Salmonellosis has been recognized as a “re-emerging” infection(8). These alfalfa sprout-associated outbreaks provide an example of how global trading of food supplies and consumer demand for perceived “health foods” can be contributing factors in the re-emergence of salmonellosis.

Effective provincial, national and international surveillance networks, both formal and informal, with epidemiologic and laboratory expertise, as well as collaboration from the food industry and regulatory agencies are required for timely public health responses to global foodborne outbreaks. Currently, systematic serotyping of Salmonella at the provincial level, reporting of these serotypes at the national level and a national protocol for outbreak investigations ensure efficient communication occurs between epidemiologists, microbiologists, food regulators and food inspectors to rapidly identify foodborne outbreaks.

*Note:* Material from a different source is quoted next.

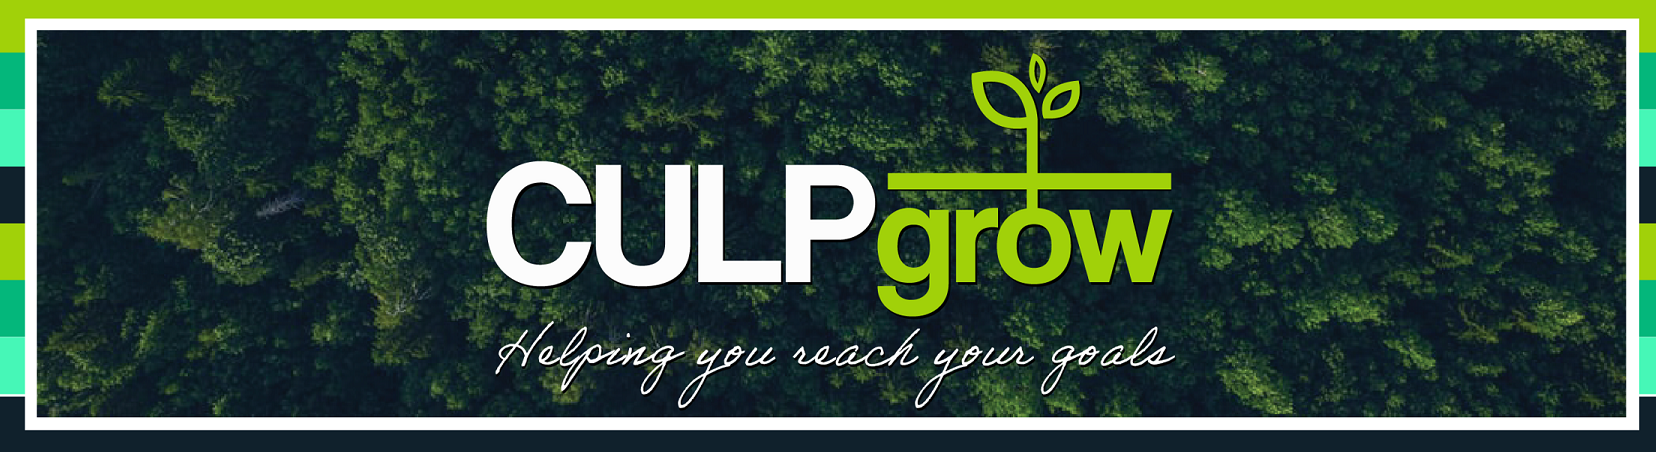 CULPgrow logo

  1. National Advisory Committee on Microbiological Criteria for Foods. Microbiological safety evaluations and recommendations on sprouted seeds. Int J Food Microbiol 1999;52:123-53.
  2. Jaquette CB, Beuchat LR, Mahon BE. Efficacy of chlorine and heat treatment in killing of Salmonella stanley inoculated onto alfalfa seeds and growth and survival of the pathogen during sprouting and storage. Appl Environ Microbiol 1996;62:2212-15.
  3. Weissinger WR, Beuchat LR. Comparison of aqueous chemical treatments to eliminate Salmonella on alfalfa seeds. J Food Prot 2000;63:1475-82.
  4. Canadian Food Inspection Agency. Code of practice for the hygienic production of sprouted seeds and beans – DRAFT. URL: <http://inspection.gc.ca/english/plaveg/fresh/sprointe.html>. Date of access: April 2001.
  5. Tauxe RV. Emerging foodborne diseases: an evolving public health challenge.Emerg Infect Dis 1997;3:425-34. URL: <http://www.cdc.gov/ncidod/eid/vol3no4/tauxe.htm>. Date of access: November 1999.
  6. Hedberg CW, MacDonald KL, Osterholm MT. Changing epidemiology of food-borne disease: a Minnesota perspective. Clin Infect Dis 1994;18:671-82.
  7. Tauxe RV, Hughes JM. International investigation of outbreaks of food borne disease. Br Med J 1996;313:1093-94.
  8. Lederberg J. Infectious disease – a threat to global health and security. JAMA 1996;276:417-19.